Dentons summarises a recent Canadian decision in an OHS matter where the Crown’s submission as to appropriate penalty was rejected and a smaller penalty imposed.  It provides some interesting comparisons to Australian theory and practice.  “The Court noted that the primary function of sentencing for regulatory breaches was deterrence; however, sentencing was still an individualized process requiring that all factors be considered, not just deterrence. The relevant factors included the financial circumstances of the corporate defendant. In the Judge’s view, the larger the corporation, the larger the fine. Conversely, when sentencing smaller corporations with more restrictive financial viability, the Court should apply a sentence that reflects that situation while still deterring offenders in similar circumstances from committing similar offences.”

Perhaps the most important difference to note is that in Canada, unlike in Australia, the prosecutor may make a submission about the appropriate size of a fine.

Destruction of Threatened Species Bird Nests Results In Conviction And $8000 Fine (Canada – criminal)

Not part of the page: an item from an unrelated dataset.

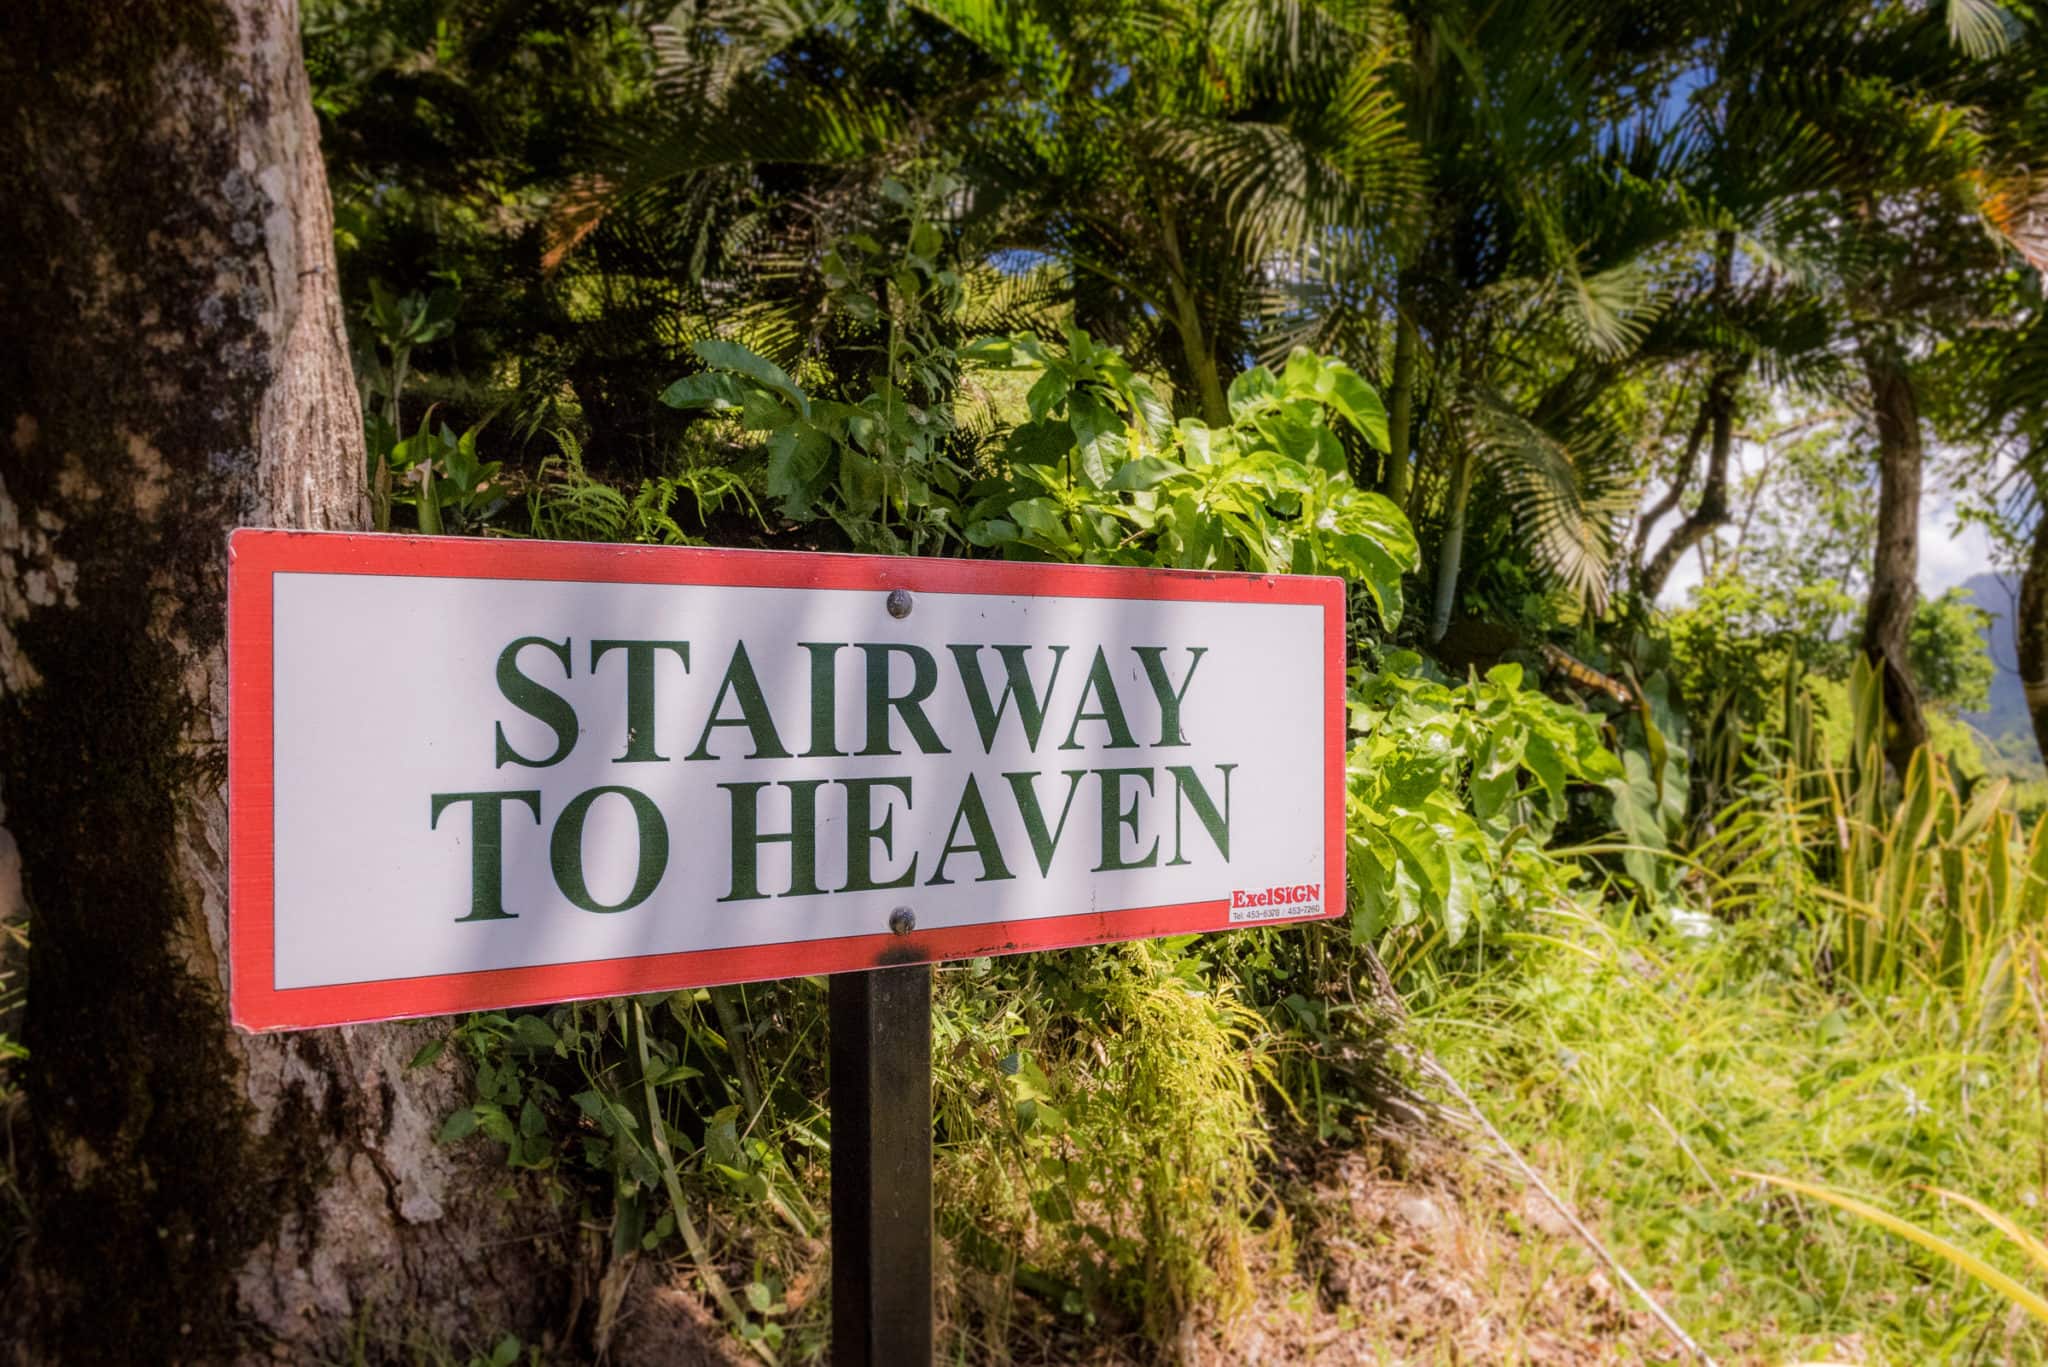 Tet Paul Stairway to Heaven sign by Patrick Bennett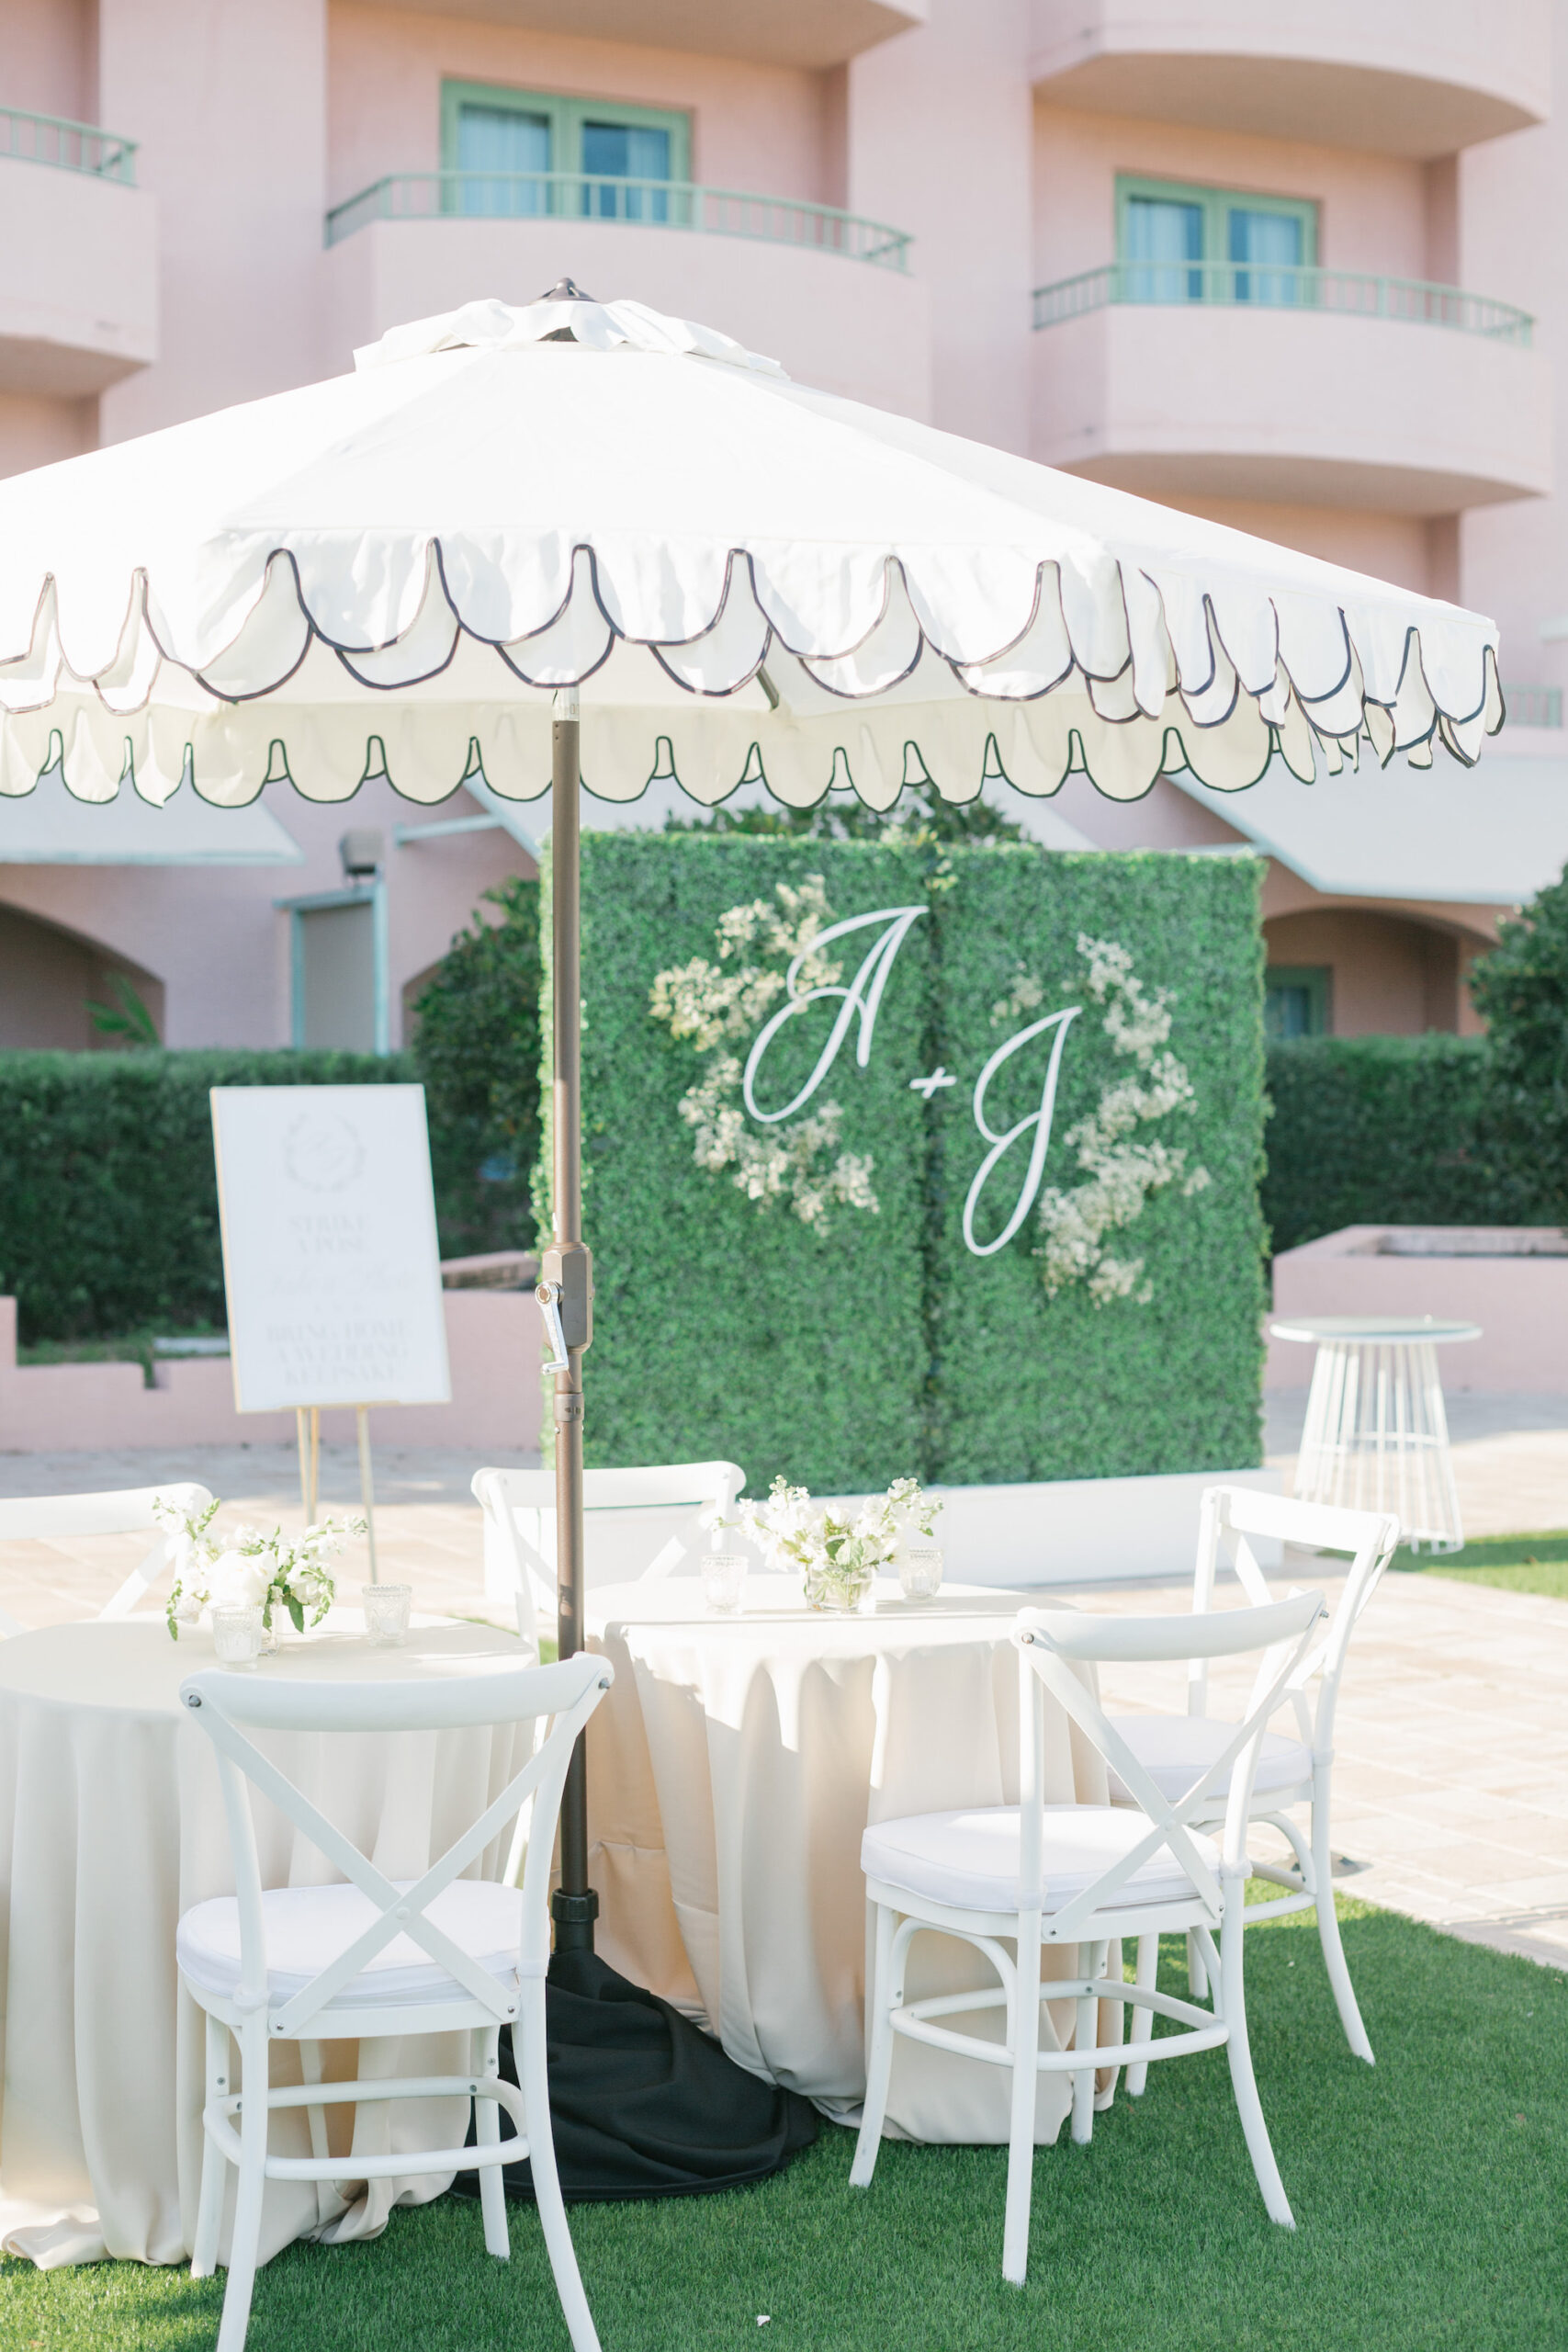 Outdoor Wedding Cocktail Hour | Greenery Wall with Bride and Groom Initials Decor Ideas

A Canadian excavation company, Bergedac Ltée, “pleaded guilty in the Court of Quebec (criminal division) and was fined $8,000 for violating section 13 of the Migratory Birds Convention Act, 1994. … The investigation found that, in June 2013, more than 40 Bank Swallow nests were destroyed in the sand pit located near Beaumont, Quebec. The Bank Swallow populations had been declining significantly for about 40 years. The sand pits are preferred nesting spots for this species, which is designated as threatened by the Committee on the Status of Endangered Wildlife in Canada.”  The fine will be paid to the Environment Damages Fund; the company’s name was entered onto the Environmental Offenders Registry.

Ace Clinique of Medicine, LLC – Drug Trafficking, Fraud and Money Laundering Specialists (USA – criminal)

“A federal jury in London has convicted a doctor, his wife and their clinic of drug trafficking, health care fraud and money laundering, for orchestrating a scheme in which they made millions of dollars by unlawfully prescribing large amounts of prescription pills to citizens of eastern Kentucky… Ace Clinique of Medicine, LLC, was found guilty on over 180 counts of drug trafficking, health care fraud and money laundering.  The jury rendered its verdict after 13 hours of deliberation, following seven weeks of trial… The investigation was conducted by the FBI and the Kentucky State Police.  Assistant U.S. Attorneys Roger West and Andrew Sparks prosecuted this case on behalf of the federal government.”

The Importance Of Maintaining And Updating Environmental Permits (USA – regulatory)

The US EPA explains the importance of its work in reviewing and updating environmental permits.